Task description
Reproduce the line with "Photo of posters outside Footlite Musicals" and everything after it in the listing below, exactly, both ends included. No pictures.
-- Recorded data follows --
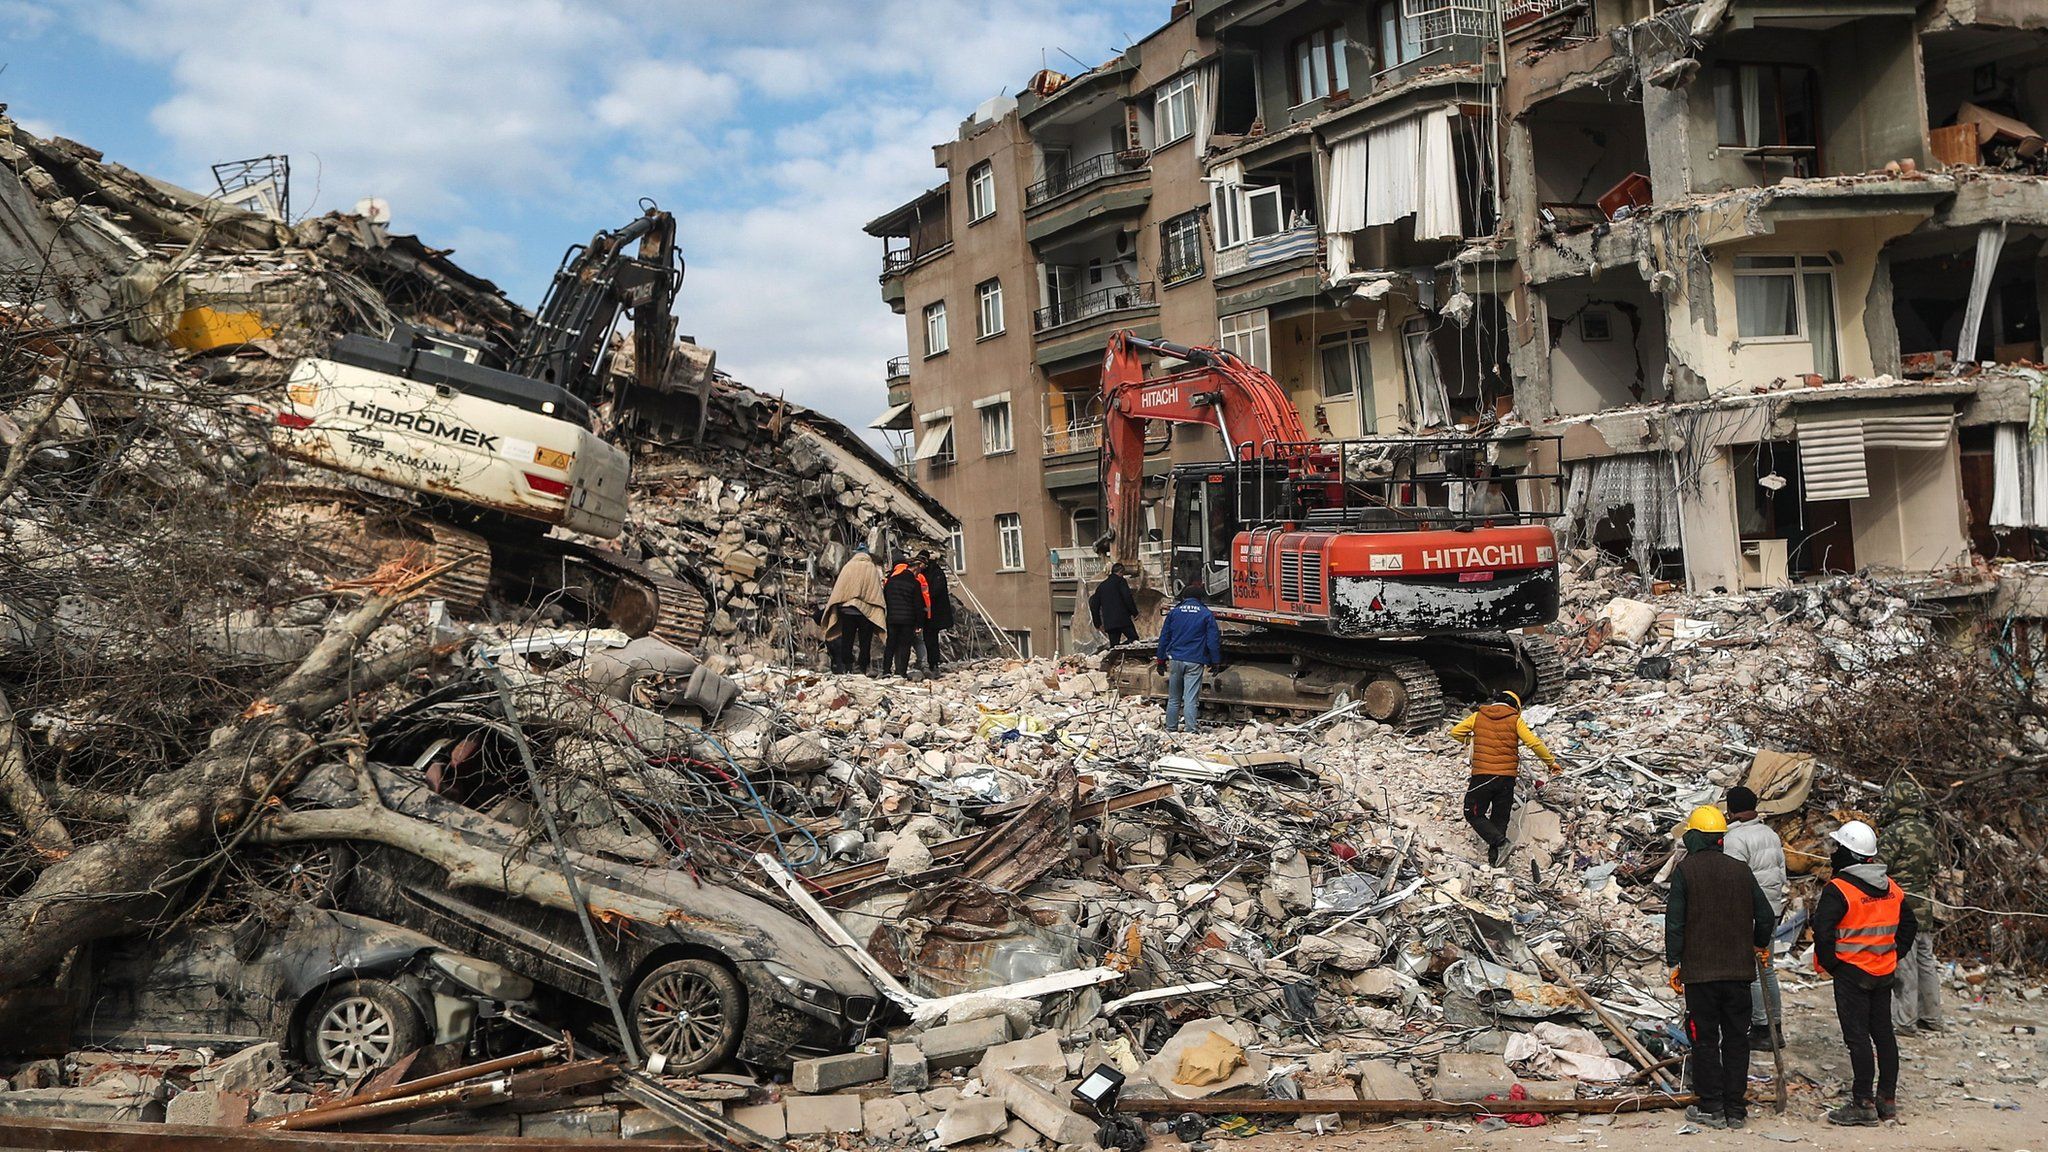 Excavators work on a collapsed building after a powerful earthquake in Hatay, Turkey
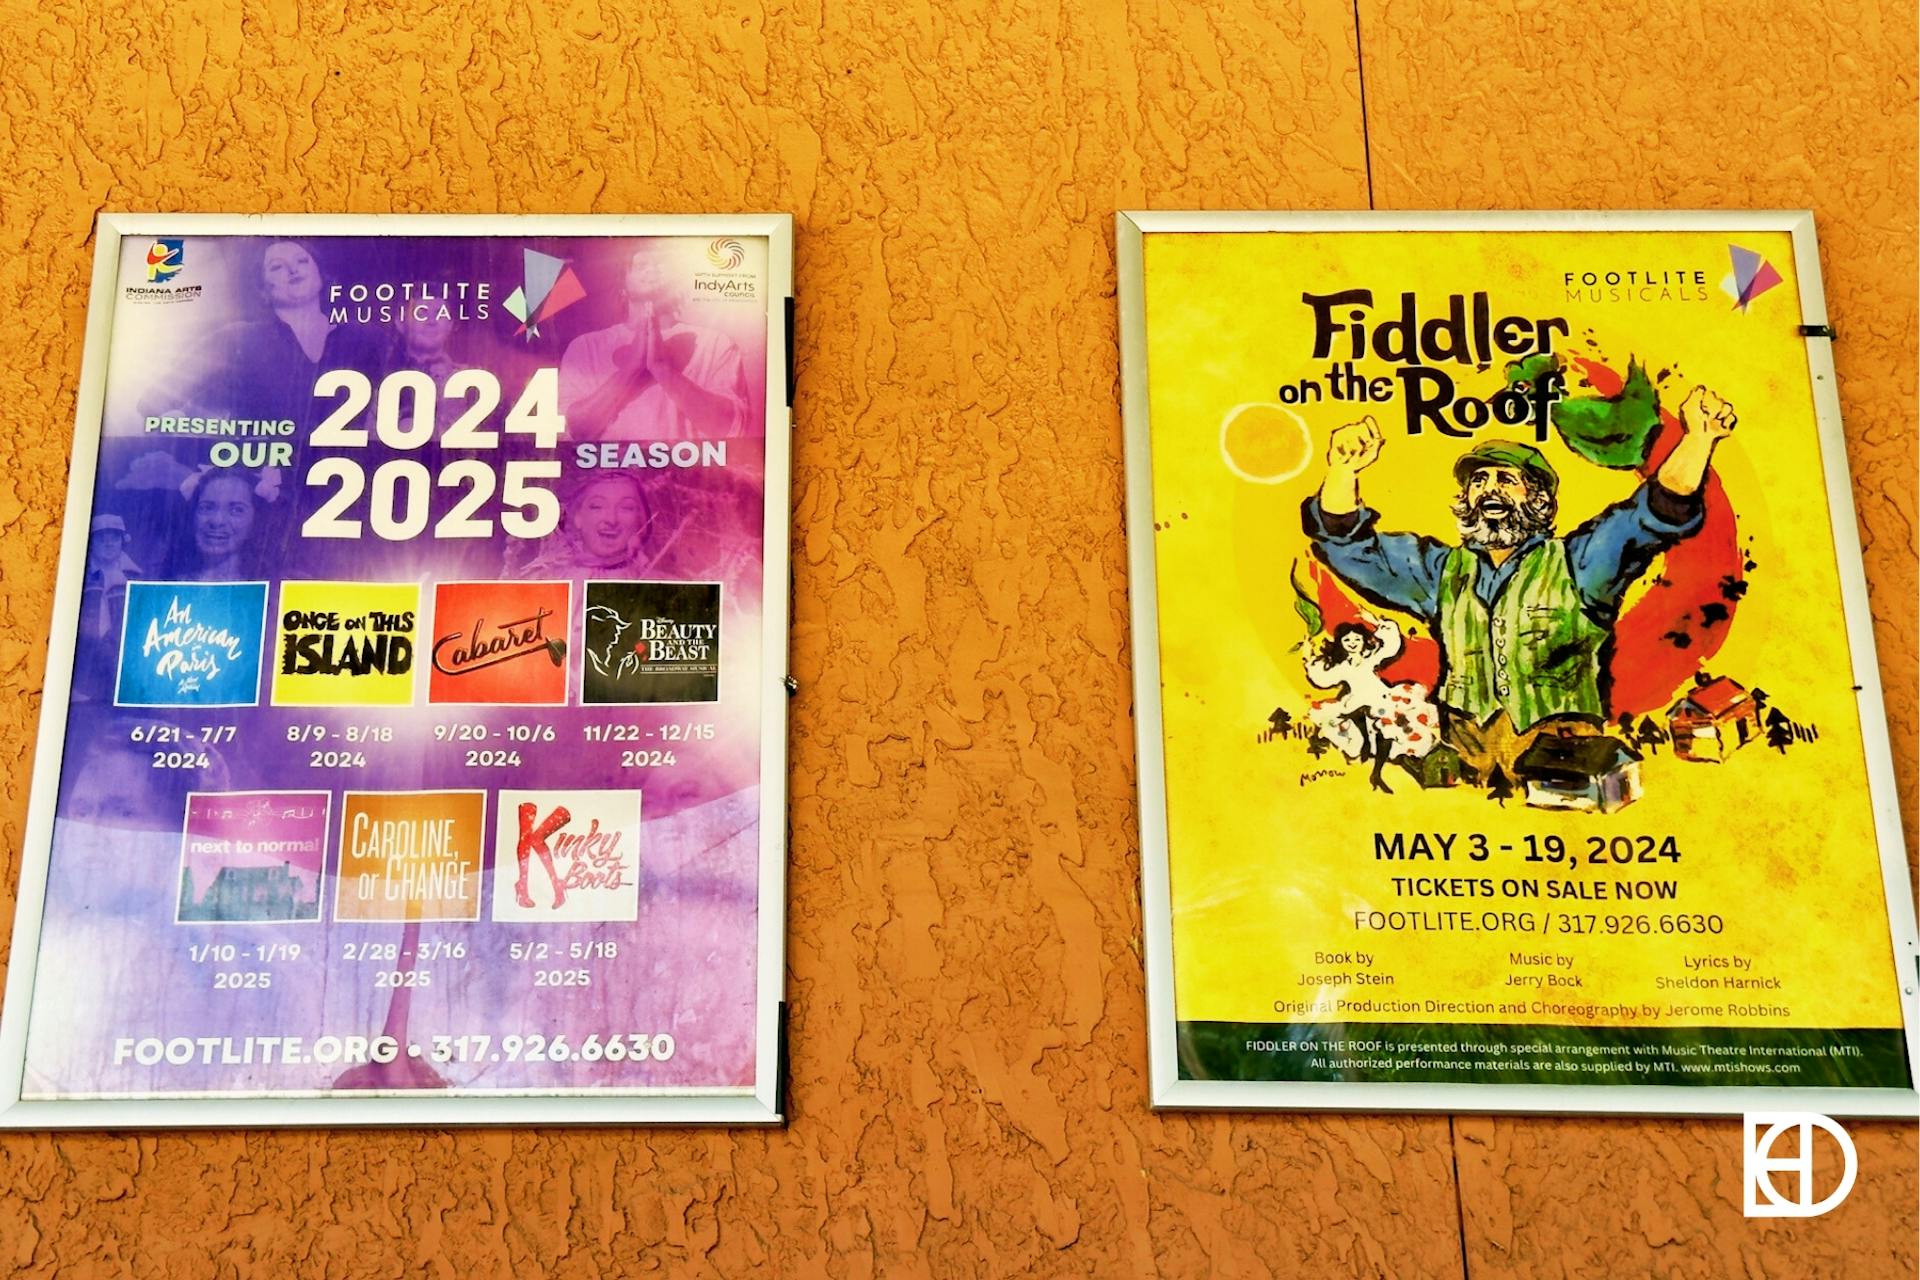 Photo of posters outside Footlite Musicals
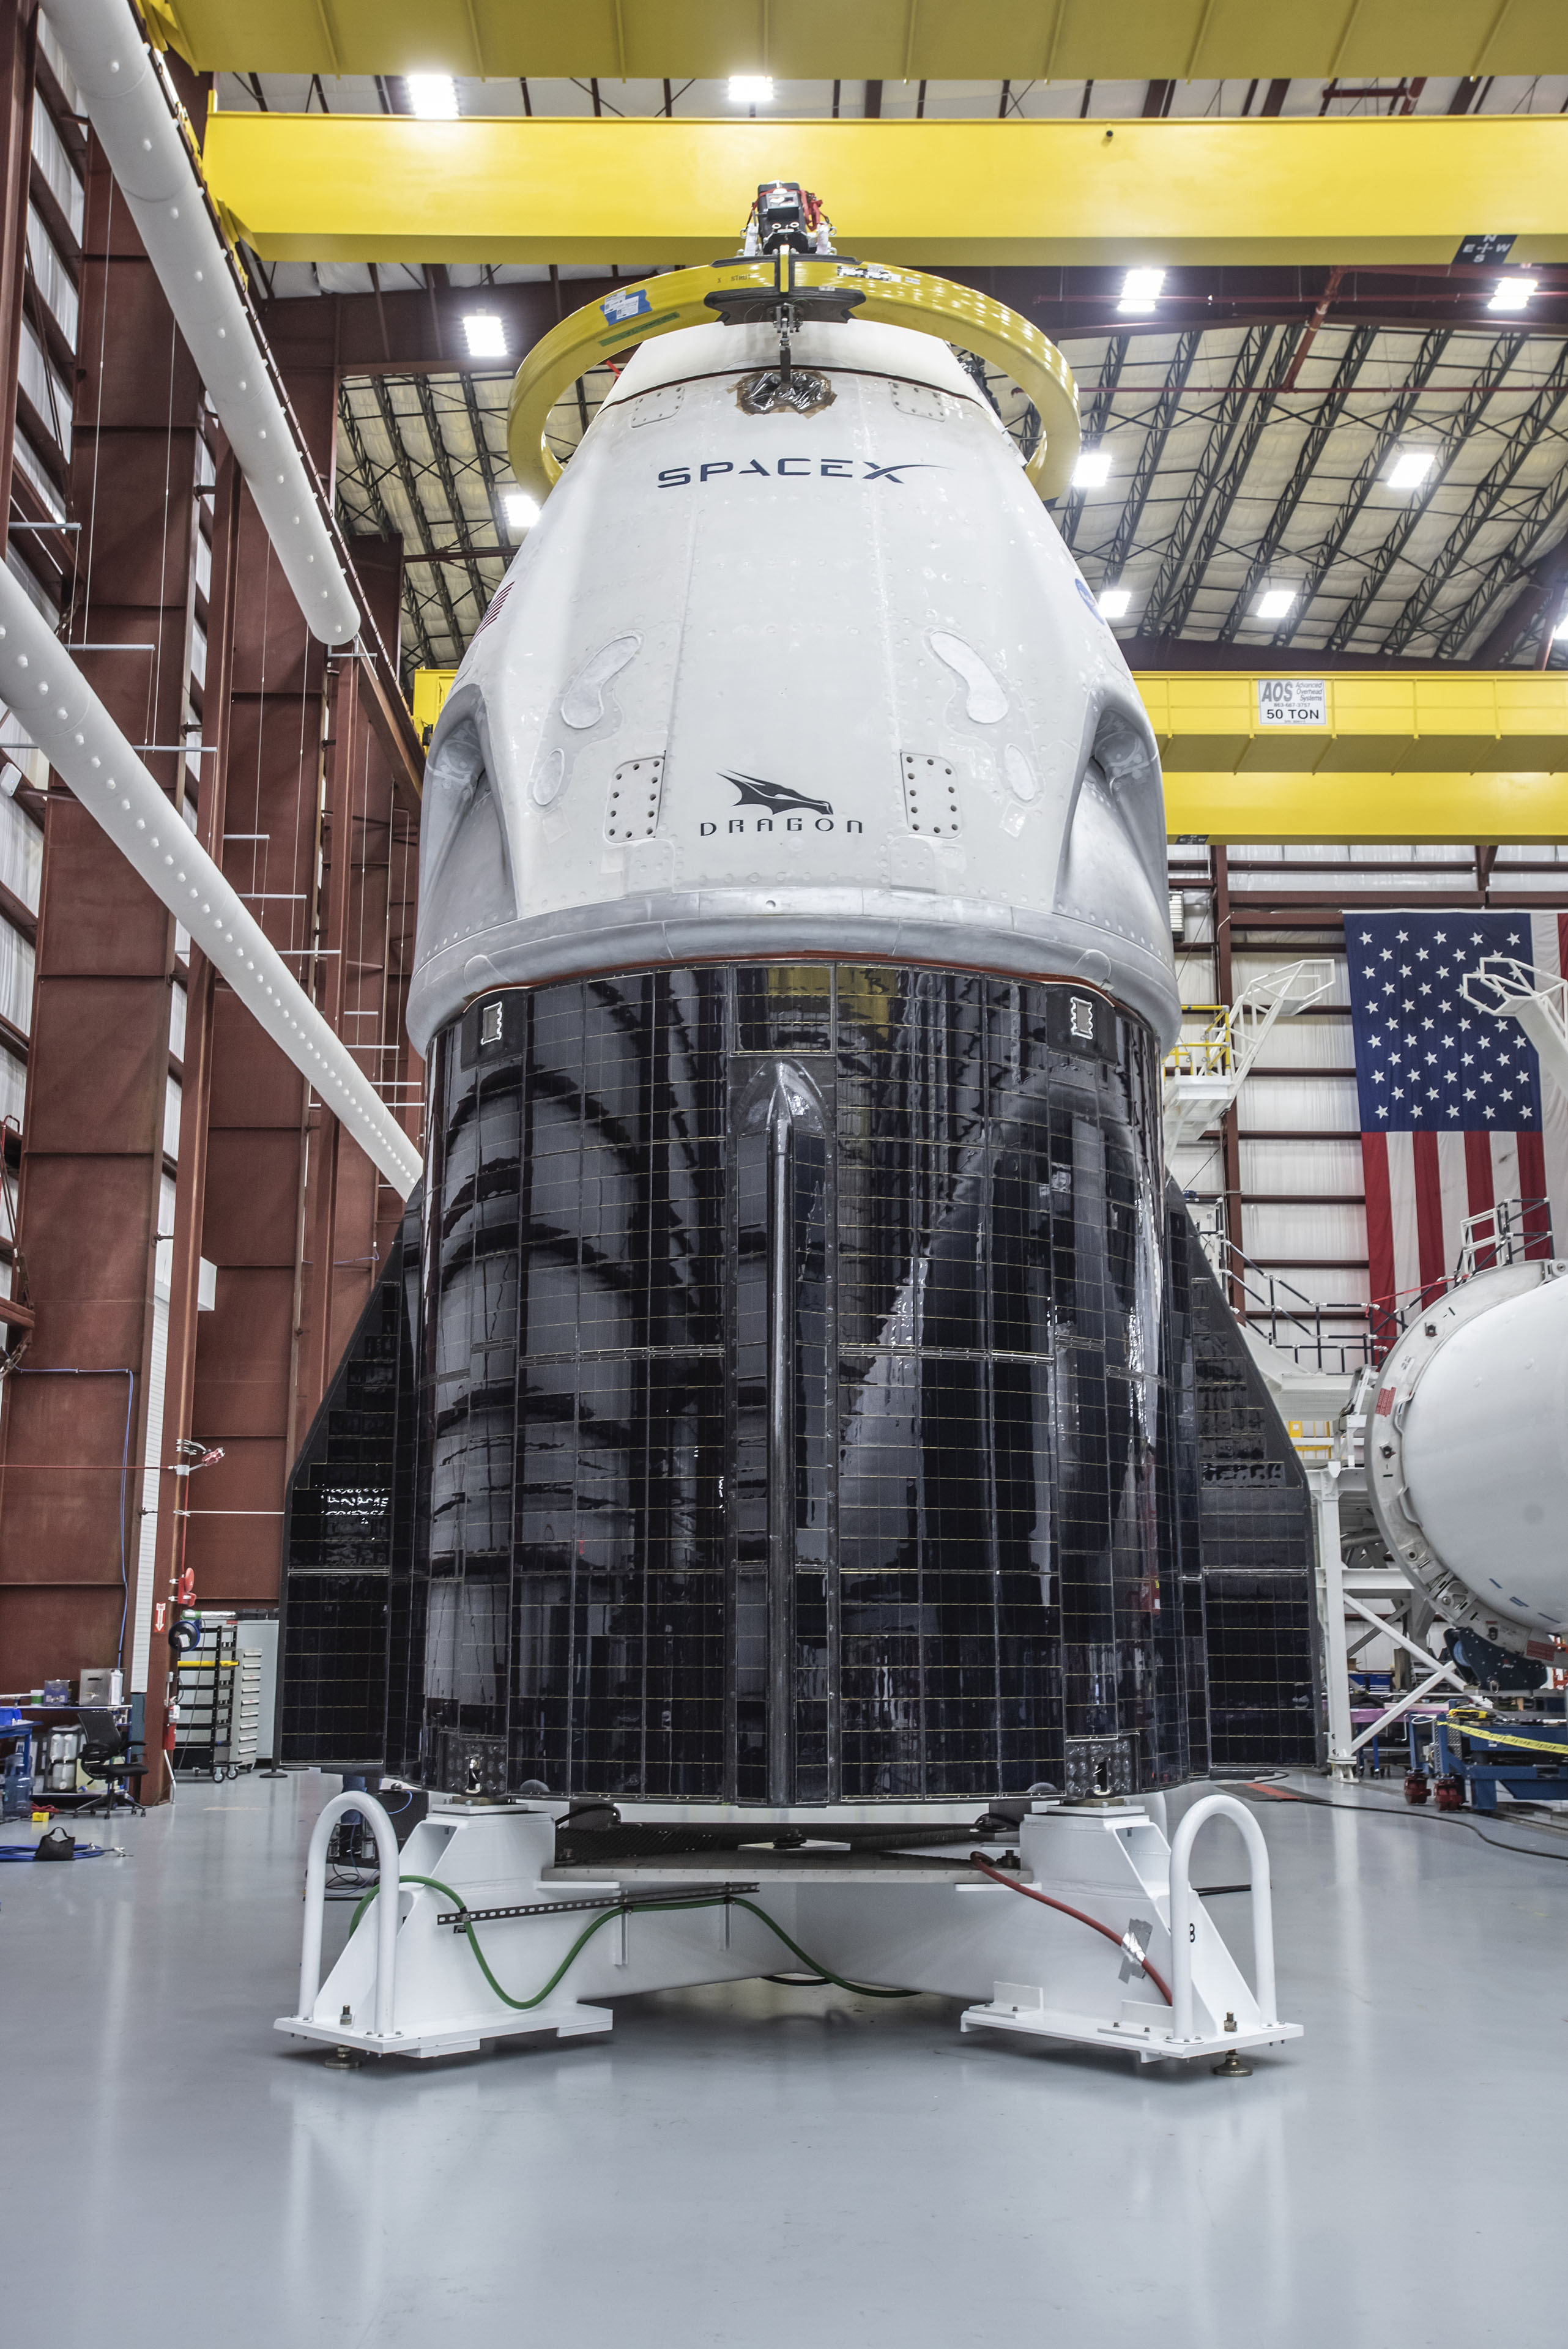 SpaceX Crew Dragon ready for test flight - The Planetary Society
-- Recorded data concluded --
Response to the exercise
 Photo of posters outside Footlite Musicals
 SpaceX Crew Dragon ready for test flight - The Planetary Society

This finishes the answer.